Each year, the federal government spends roughly $400 billion to $500 billion on contracts, with a goal of allocating 23% of contracts to small businesses. Even businesses in industries that don’t scream “government necessity” can qualify for federal contracts — there’s a need for everything from tubas to office supplies to janitorial services.

What does it take to get your piece of the federal contracting pie? Here are the key steps.

Register your business

Register your business on The free process involves getting a nine-digit identification number, called the D-U-N-S Number, for each location of your business, as well as designating one or more North American Industry Classification System, or NAICS, codes that describe the goods or services your business offers.

In addition to the 23% small-business procurement goal, the government also sets goals for providing work to traditionally disadvantaged small-business owners, including disabled veterans, minorities and women. To qualify, you must get certification from the U.S. Small Business Administration.

Consider subcontracting

If your small business is really small (think a one-person interior design service), subcontracting may be the more efficient and accessible path to federal contracts. When awarding a large contract, the government often requires a primary contractor to subcontract out a portion of the work to one or more small businesses. By teaming up with primary contractors, small businesses can gain experience in government contracting and help their bottom line.

The government maintains a database of federal primary contract opportunities, and the SBA runs a database of subcontracting opportunities.

Write a proposal

If you find a primary contract opportunity in the database that you’d like to pursue, your next step is to submit a proposal.
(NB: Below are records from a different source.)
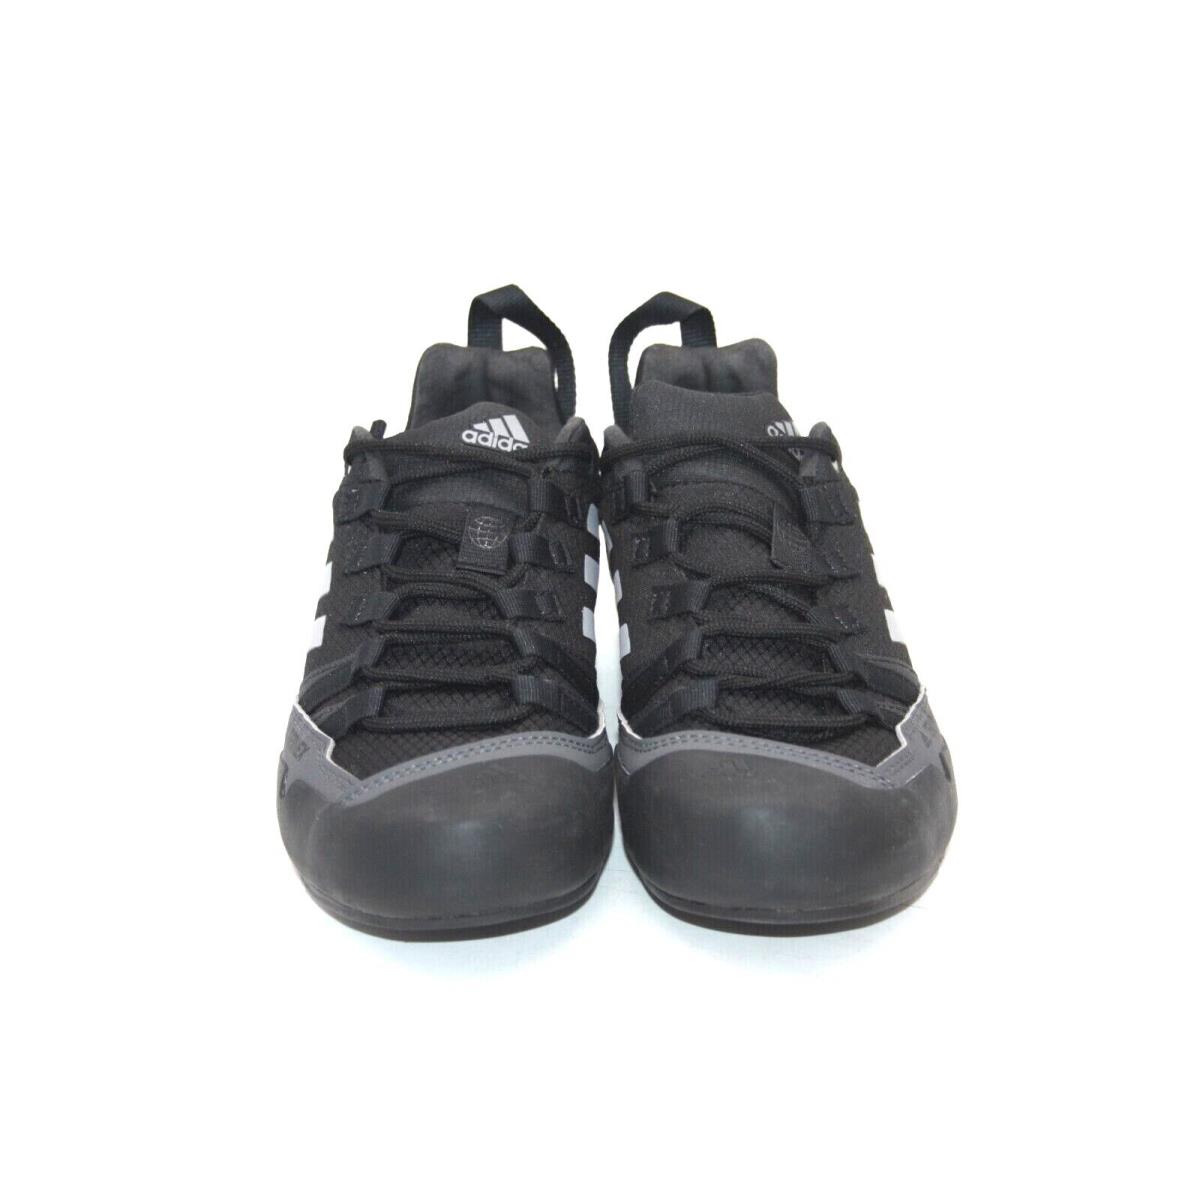 Adidas shoes Terrex Swift Solo - BLACK/BLACK/GREY 1
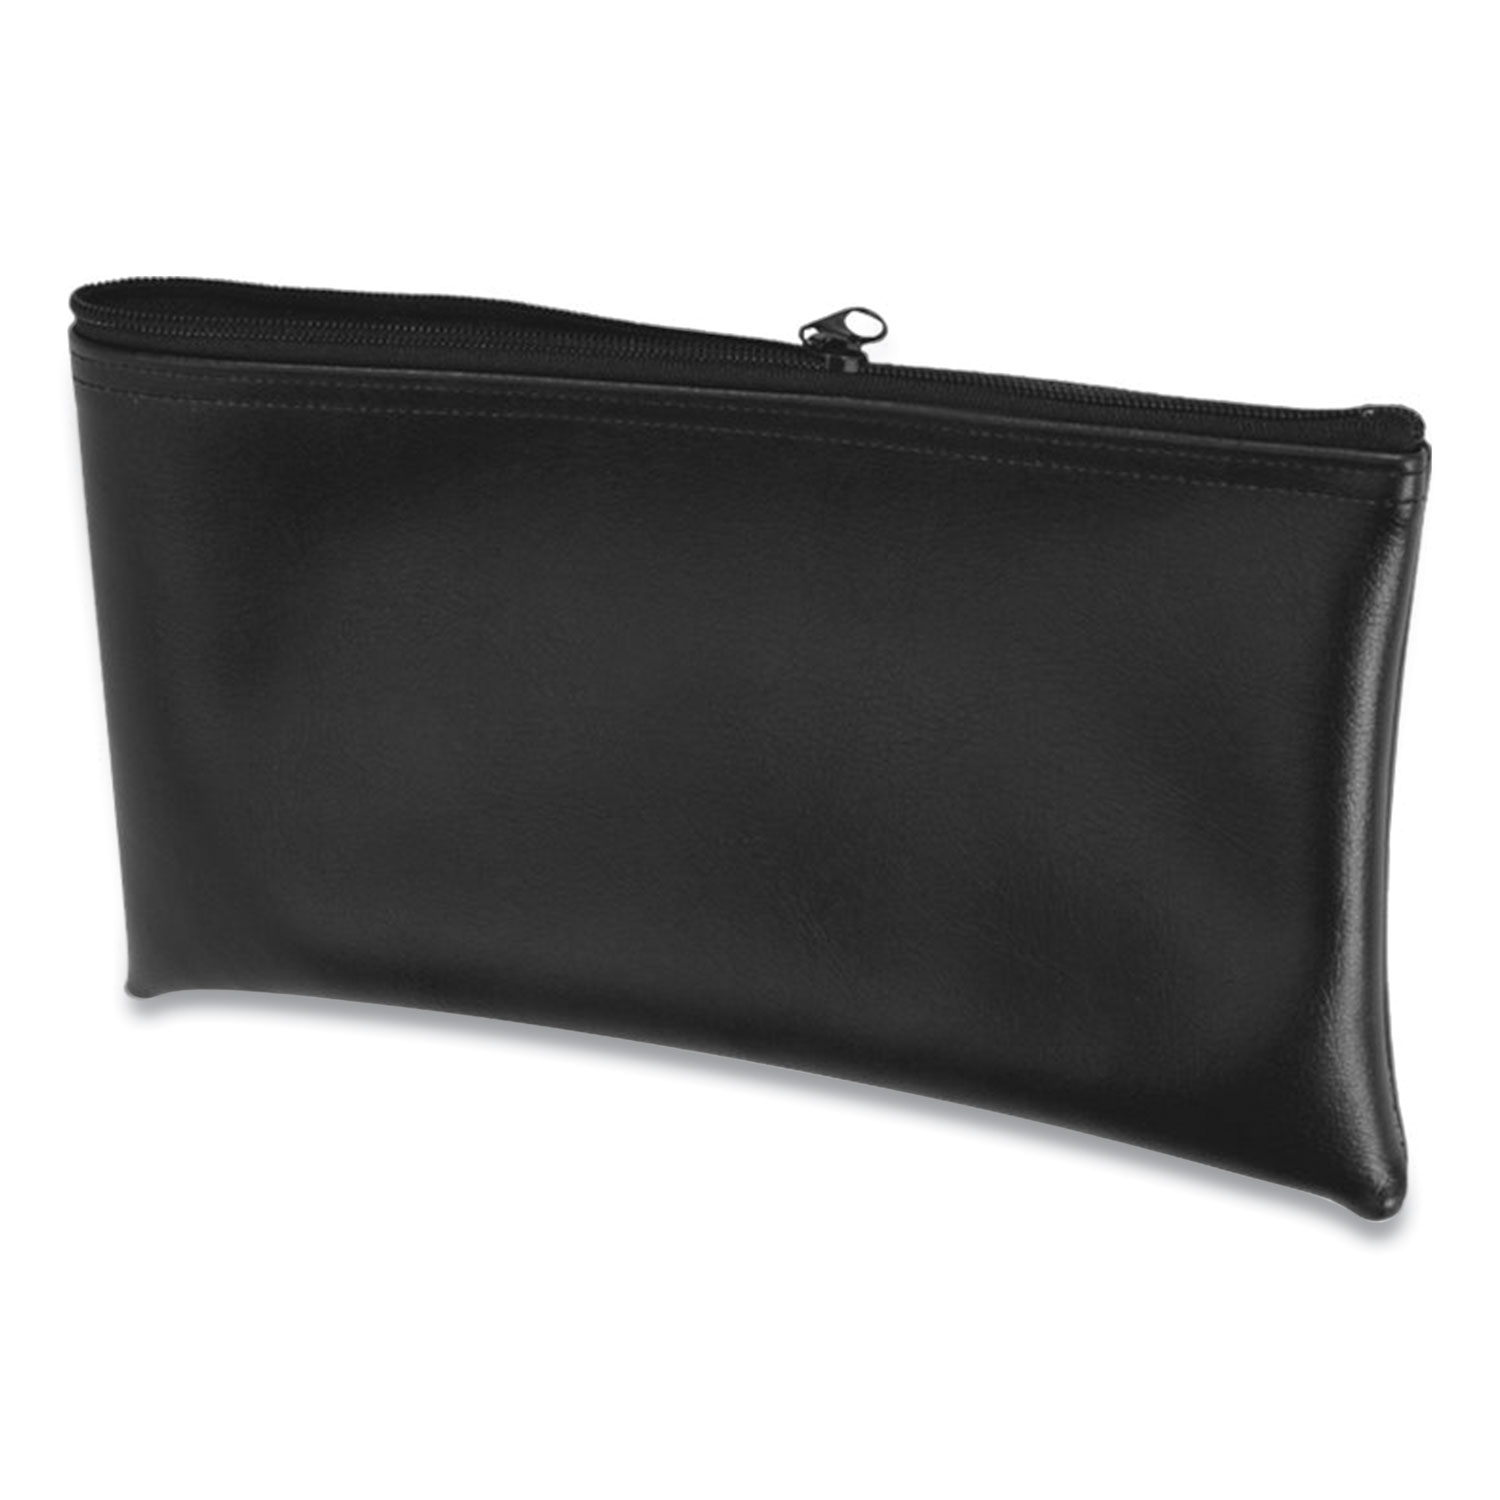  CONTROLTEK 530976 Multipurpose Zipper Bags, 11 x 6, Vinyl, Black (CNK24421422) 
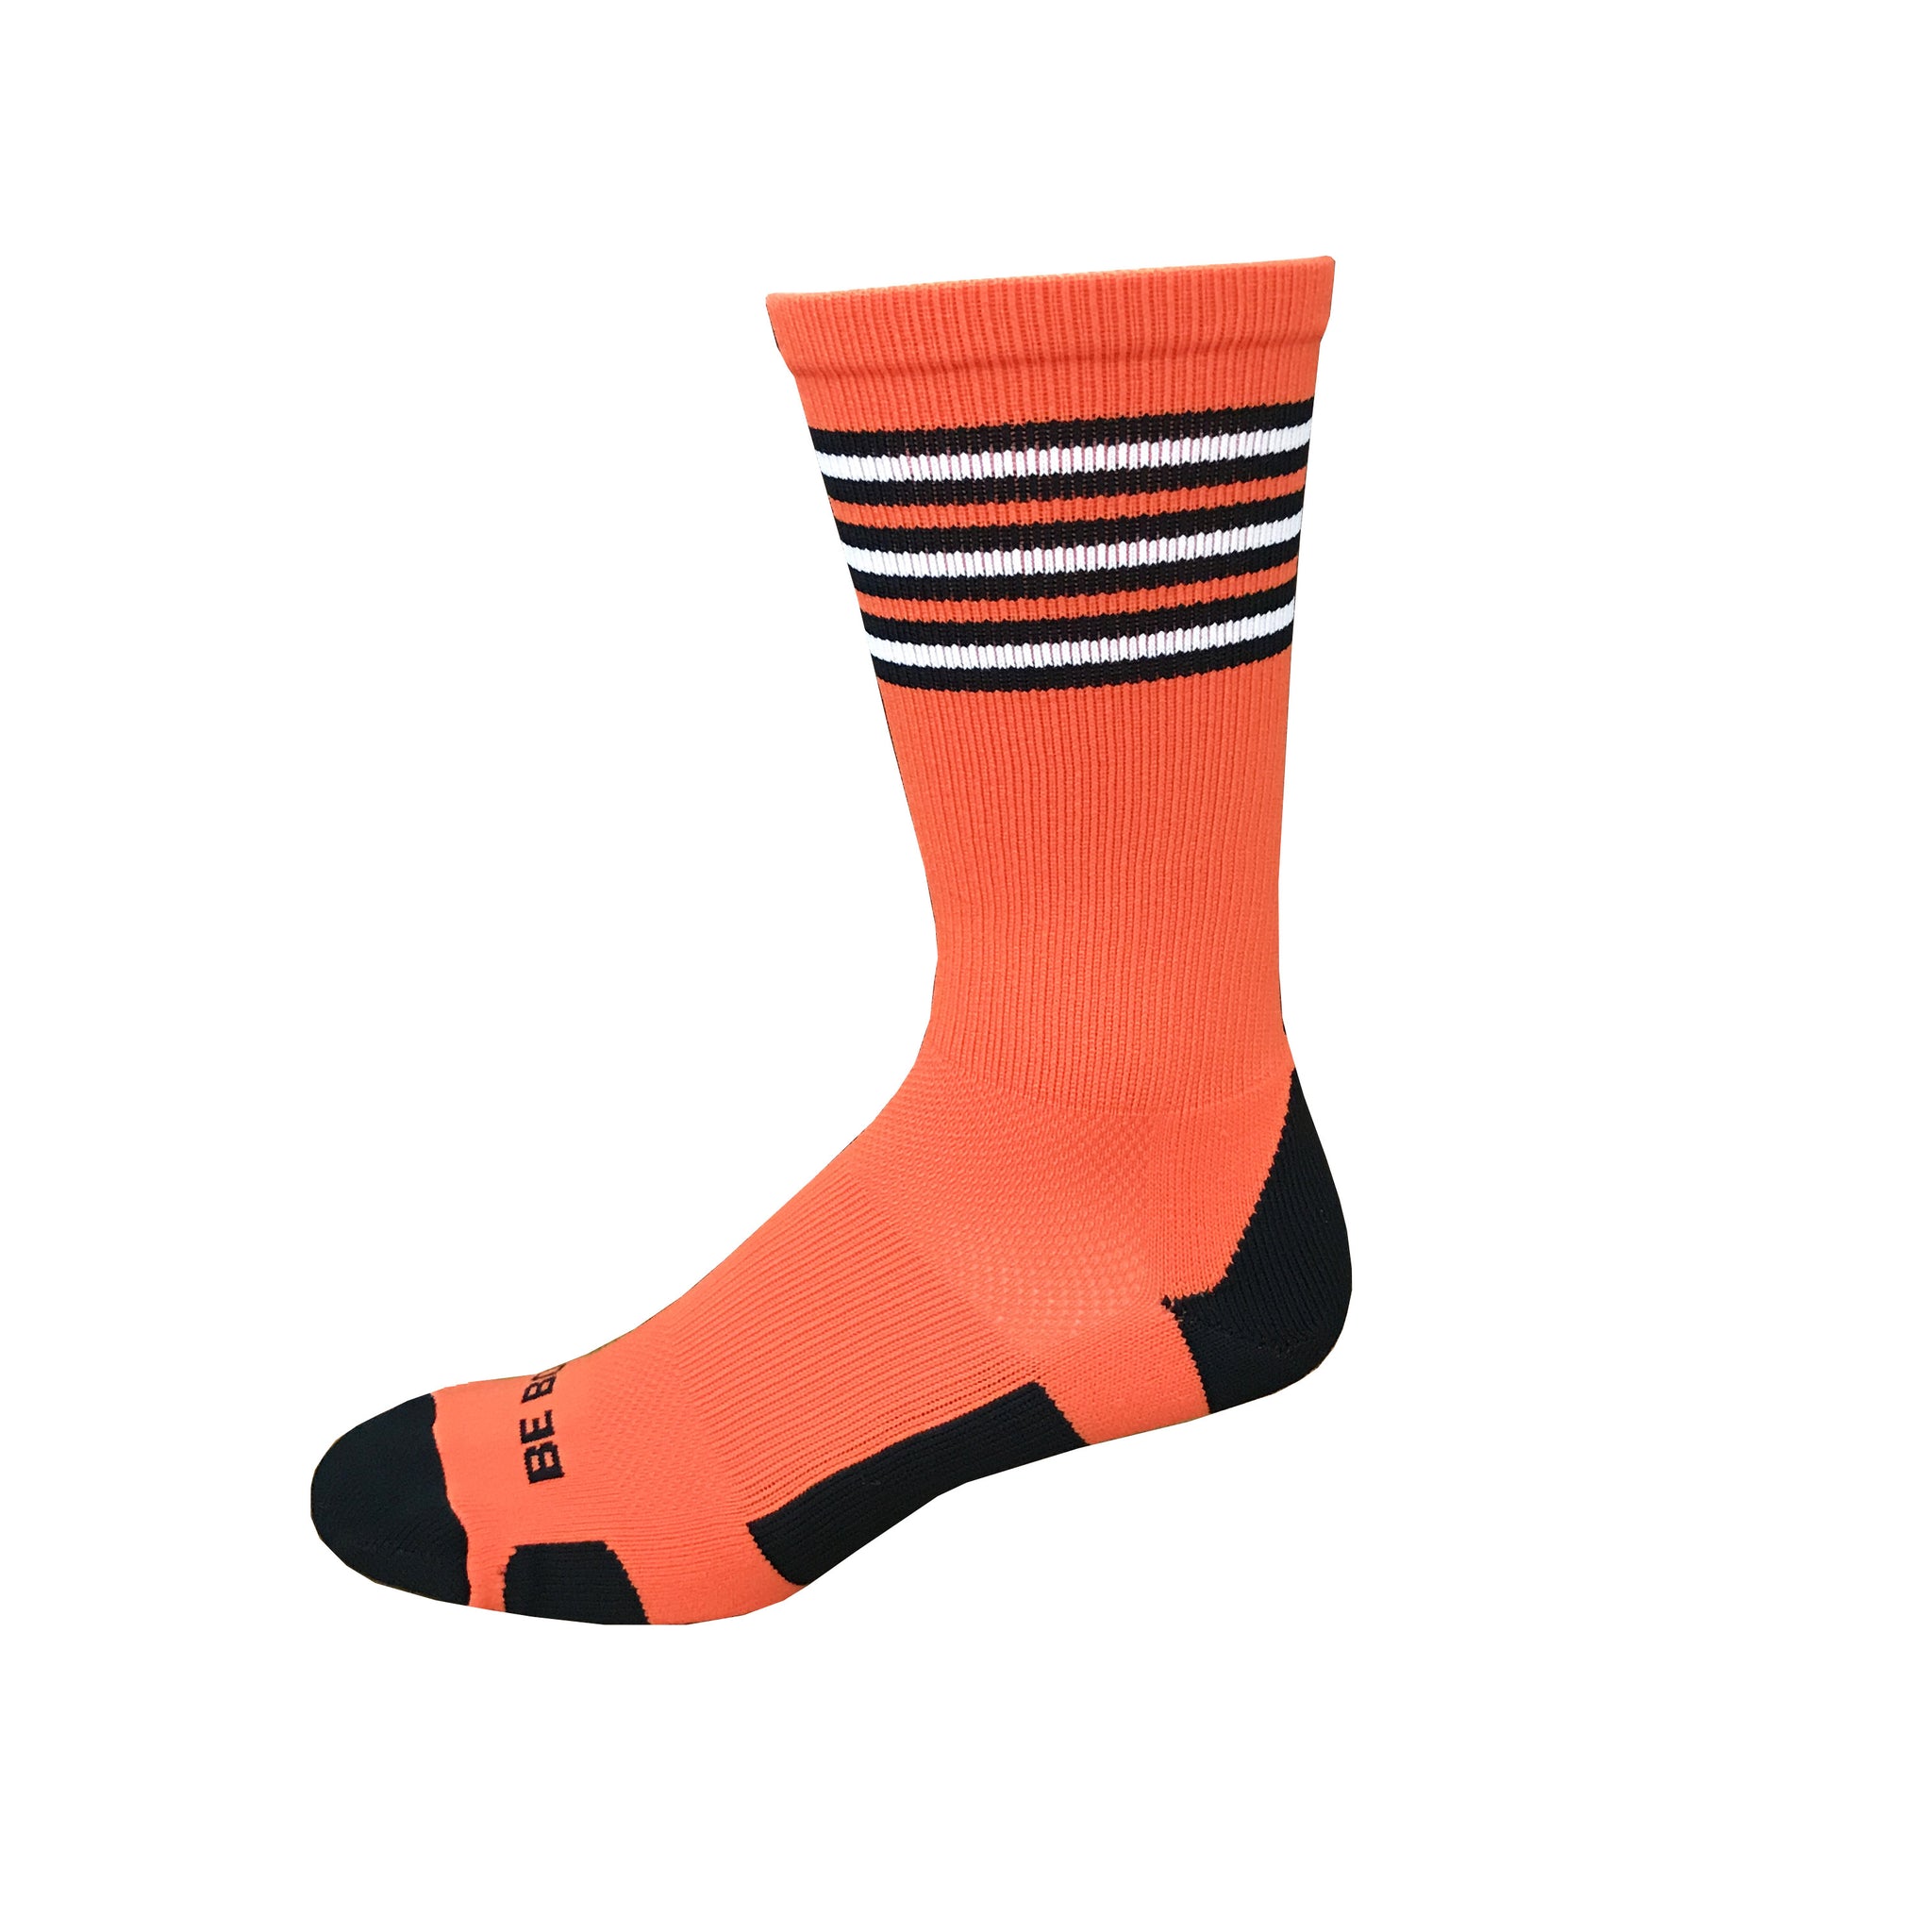 orange athletic socks

Writing a proposal can be daunting, but it’s important to provide the specific details the contract asks for in the exact format requested.

The process is tricky, but it’s possible to find help along the way.

The government’s procurement process “is a fair but complex process filled with acronyms, regulations and requirements,” says Ed Coleman, chair of the Washington, D.C., chapter of SCORE, a free small-business mentoring service. “Before responding to [a request for proposal], I would recommend that the small business take free and/or low-cost workshops to learn about the federal process.” Workshops are available through the SBA, SCORE or a local Procurement Technical Assistance Center.

The SBA also offers the All Small Mentor-Protege program to match small businesses that are new to government contracting with a mentor that can help them through the entire process.

Fulfill the contract

Delivering the goods or services promised in the proposal is a lot to manage, Flores says, especially if the contract involves orders to multiple agencies. Alamo Music Center has integrated the process into its business strategy by designating employees to be in charge of seeing the contracts through.

“There’s a lot of crazy rules you have to follow because you’re working with the government,” Flores says. For a typical retail customer, she notes, you simply sell an item, give the bill and get paid within a set term, “but with the government, you have to put everything into a special system, everything has to match up perfectly, and if it doesn’t, it gets rejected and you have to go back and do it again.”

Though the process can be complicated, for Flores and Alamo Music Center, fulfilling contracts means more than just money; it also allows them to participate in representing the country abroad.

Many bands who receive musical instruments from the contracts travel around the world, Flores says. “They perform for different embassies or countries. So they are representing the U.S. out there in the world, and they are using our products to do it.

“It’s kind of cool we can be a part of that.”